Blogpost on COVID-19 and segregated communities by Michael McEachrane, Visiting Researcher at the Raoul Wallenberg Institute of Human Rights.
Across the world, the infection, lockdown and economic ramifications of COVID-19 are disproportionally affecting Black and Brown people. This is true both domestically and internationally.
In Sweden, Stockholm is thus far the epicenter of corona related deaths, disproportionally in segregated communities with a majority of people of colour. In France, the death rates are higher in the racially segregated “banlieues” around Paris and other cities. In the UK, so-called Black, Asian and Minority Ethnic (BAME) communities make up 13% of the population, but 35% of COVID-19 related hospitalizations.
BAME make up 44% of all medical staff, but 72% of its deaths by exposure to the virus. Similar numbers are coming out of the US, where Black people make up 13 percent of the population, but 30% of COVID-19 patients.
As people of colour disproportionally belong to socio-economically poor and vulnerable communities, the COVID-19 lockdowns and layoffs are disproportionally impacting people of colour. For example, in France’s banlieues the amount of people who no longer have money for food is rapidly growing with increasingly long lines of Black and Brown people in front of makeshift soup kitchens.
The unequal enjoyment of social, economic and other human rights of people of colour within developed countries is reflected internationally in inequalities between developed and developing countries.
Although in most developing countries COVID-19 has not yet spread extensively, the lockdowns and economic fallouts are already having a major impact on their populations and fiscal health. In the Caribbean, Barbados and other countries are already approaching the IMF and World Bank for more loans to handle growing economic crises due to a drop in tourism and other reasons.
Most COVID-19 emergency loans from the IMF and World Bank have gone to African states. From IMF alone to a tune of 7.5 Billion USD. Nigeria has lent 3.4 Billion USD from IMF, largely due to a COVID19 related drop in the price of crude oil on the global market. The other week Ghana decided to lift much of its lockdown citing its adverse effects on the poor. There are at least three lessons that we in the developed world can draw from this with respect to human rights and sustainable development.
First lesson is that we can no longer afford to treat social and economic rights as an afterthought to civil and political rights.
Besides being a health crisis, the pandemic is also a socio-economic crisis. Likewise, besides being environmental crises, ecological emergencies in the future will likely also be socio-economic crises.
Indivisible as all human rights may be, social and economic rights need to be treated on par with civil and political rights and in times of great socio-economic distress even be emphasized.
This should not least apply to the promotion by developed countries of human rights in developing countries. Developed countries should put a moratorium on lecturing developing countries on civil and political rights without at least equally promoting social and economic rights.

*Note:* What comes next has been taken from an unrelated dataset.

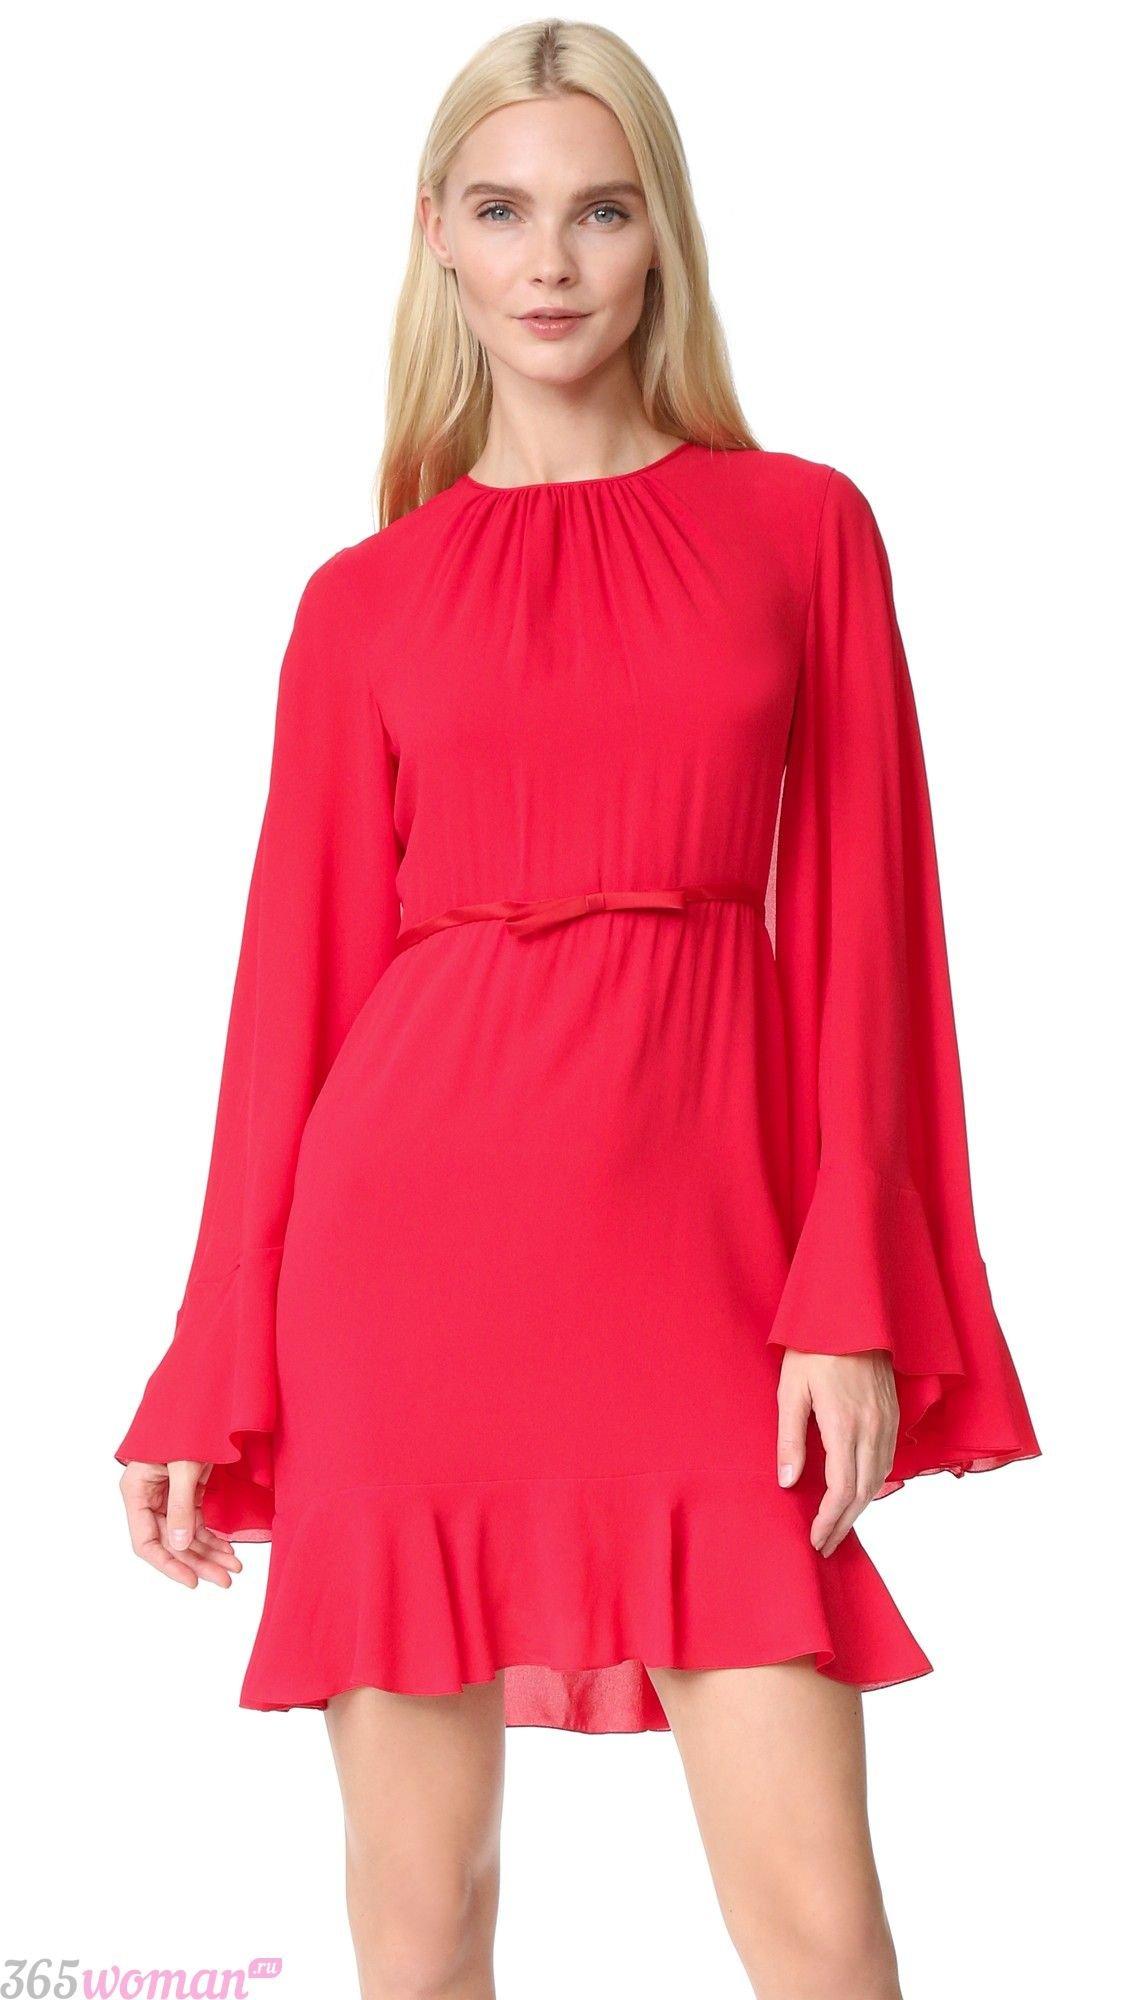 что одеть на день святого валентина 2019: красное платье с широкими рукавами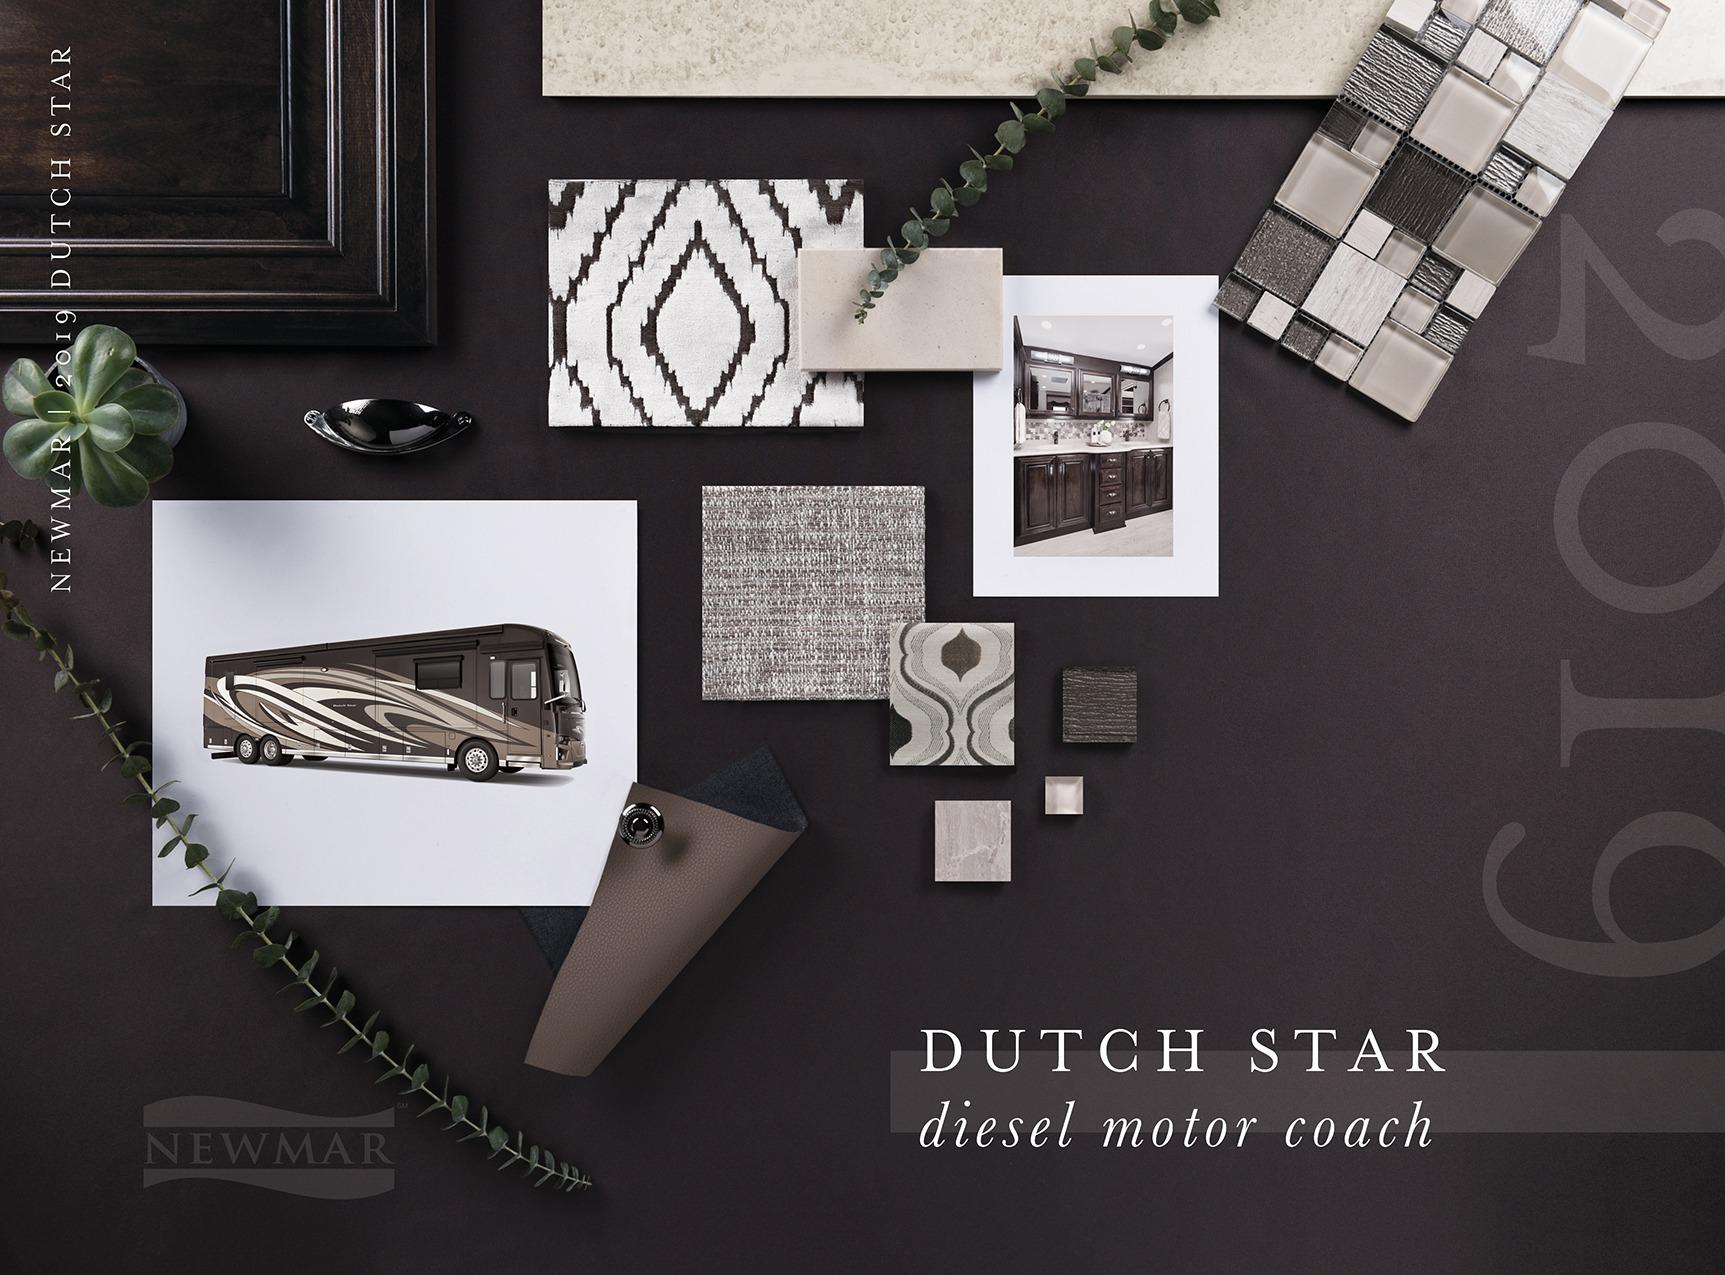 Dutch Star

Second, developed countries need to fully recognize both that ensuring social equality and non-discrimination is integral to human rights and that racial discrimination domestically is reflected in racial discrimination internationally.
The preexisting racial inequities that COVID-19 is exposing are antithetical to principles of equal human dignity, rights and non-discrimination. The global “colour line”—as the great African American anti-racist intellectual W.E.B. DuBois pointed out at the turn of the 20th Century—which the impacts of COVID-19 are laying bare, have both national and international dimensions. Unless developed states in earnest begin addressing racial discrimination and inequities at home, it is hard to see that they will be willing to do so internationally.
Eliminating Racial Discrimination
This brings us to the third lesson of COVID-19. As partly recognized by the current sustainable development goals—promoting equality of human dignity within countries needs to be coupled with promoting equality between countries.
Eliminating racial discrimination and inequities within developed countries should be coupled with eliminating racial discrimination and inequities between developed and developing countries.
Developed countries have for too long actively promoted an international economy, governance structure, rules- and law-making as well as access to justice that remain deeply unequal.
This too needs to change.
Michael McEachrane, Visiting Researcher at the Raoul Wallenberg Institute of Human Rights.